● **Data**:
»»
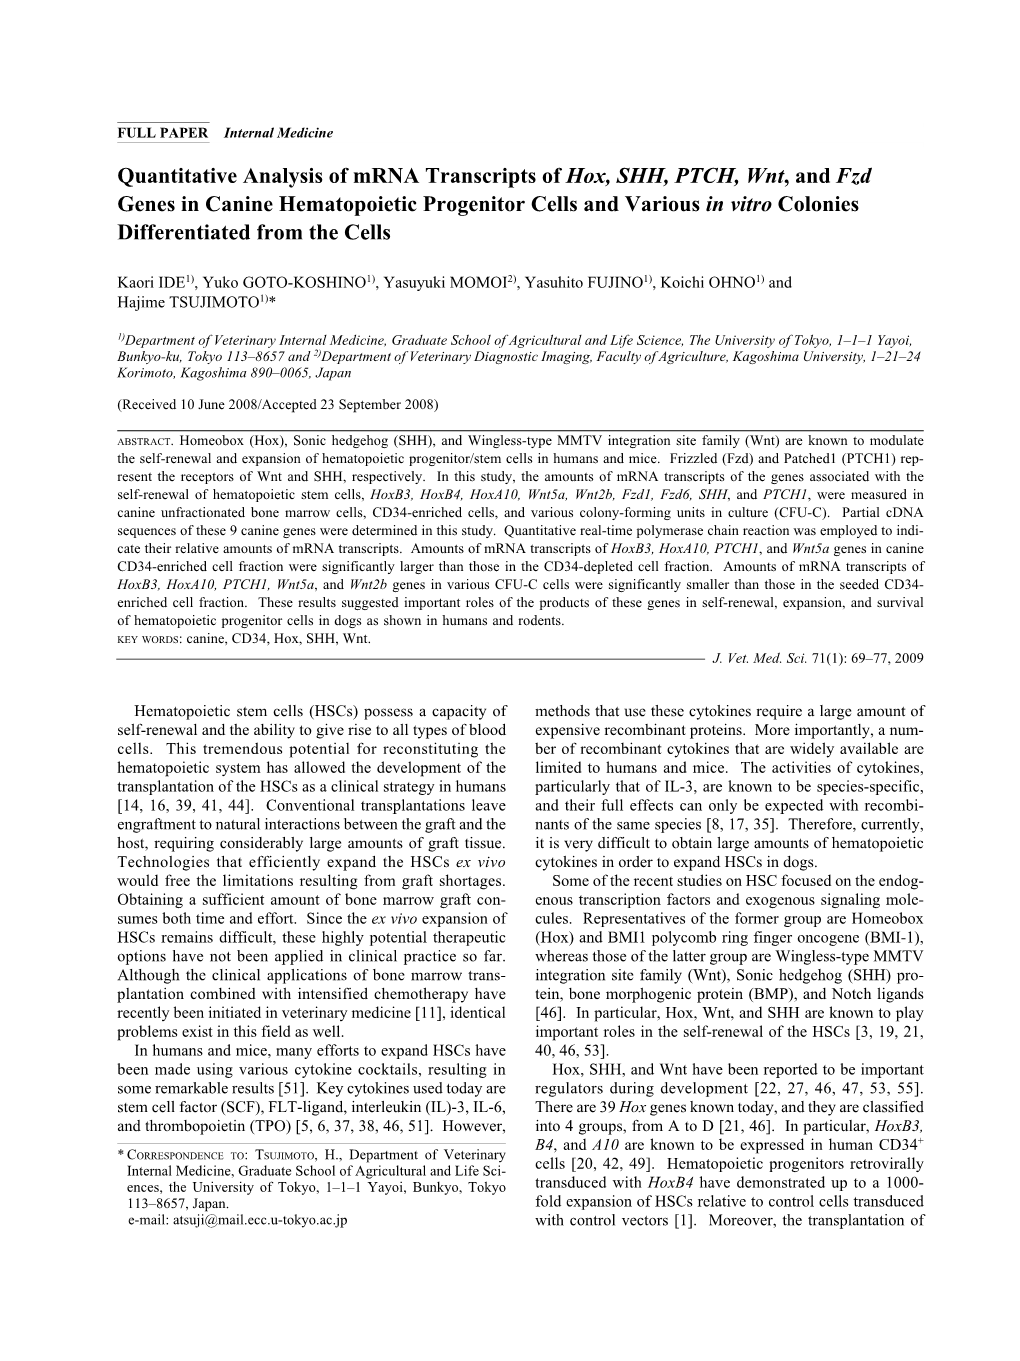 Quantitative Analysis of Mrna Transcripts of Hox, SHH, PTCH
««
»»
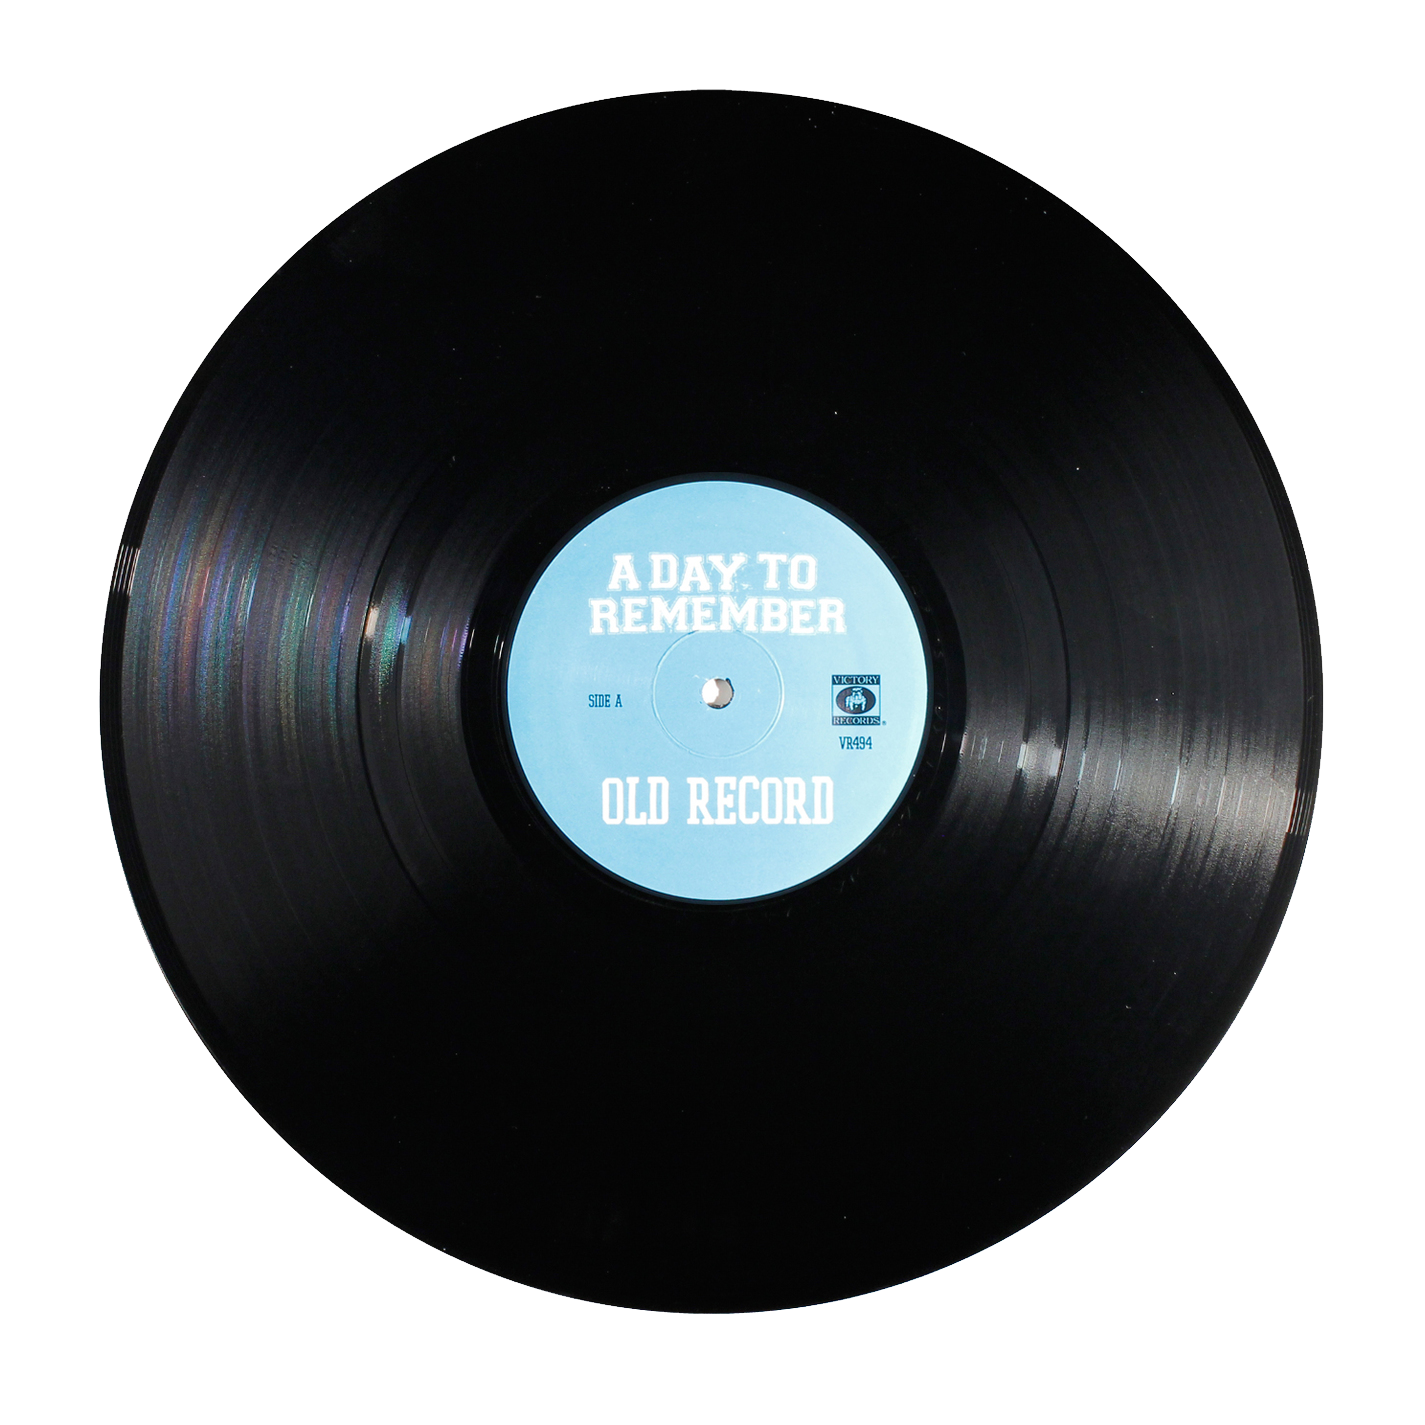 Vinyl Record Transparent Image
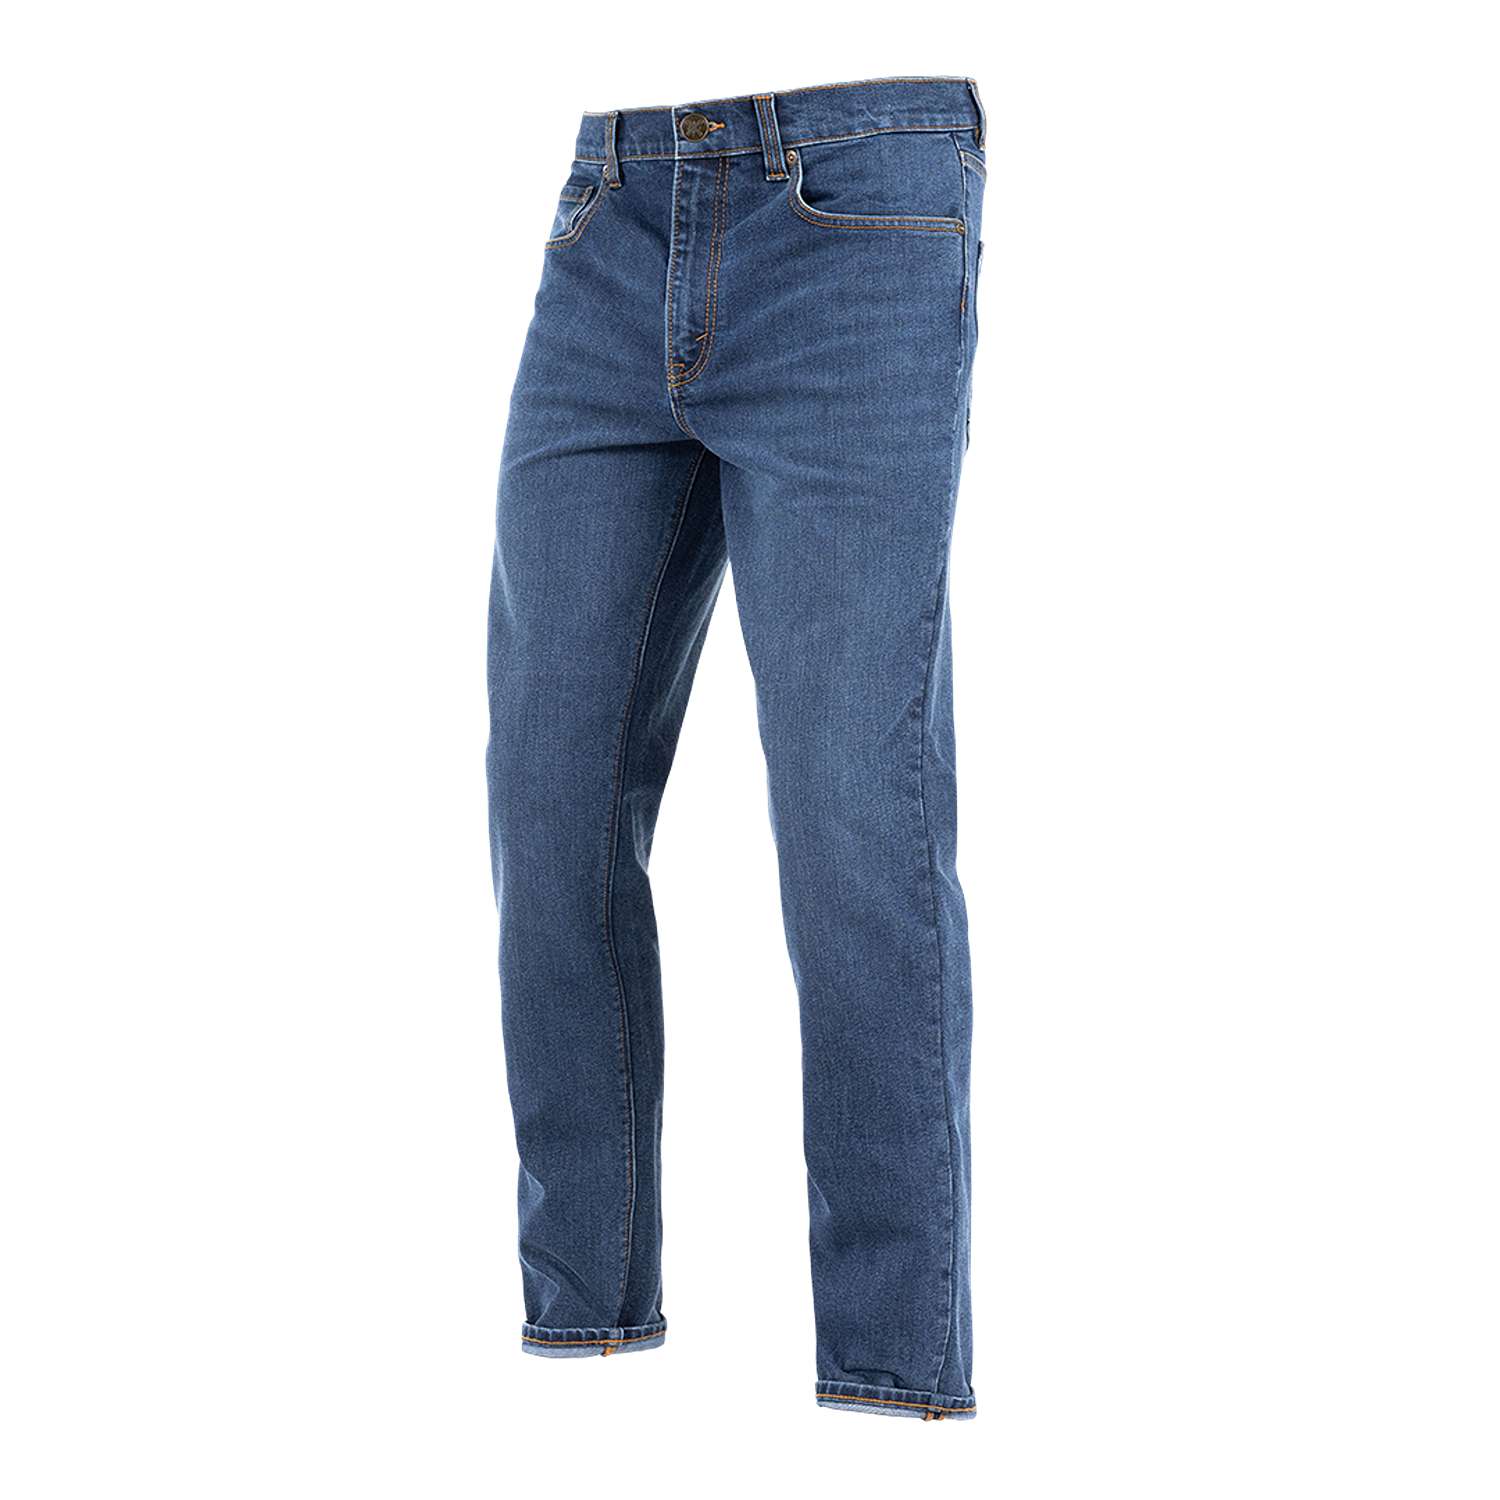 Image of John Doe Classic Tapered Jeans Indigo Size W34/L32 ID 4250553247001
««
● **Work request**: In the listing above, find the line holding "Vinyl Record Transparent Image" and the line holding "Image of John". Reproduce those two lines and all between them exactly, leaving out pictures.

● **Solution**:
 Vinyl Record Transparent Image
 Image of John Doe Classic Tapered Jeans Indigo Size W34/L32 ID 4250553247001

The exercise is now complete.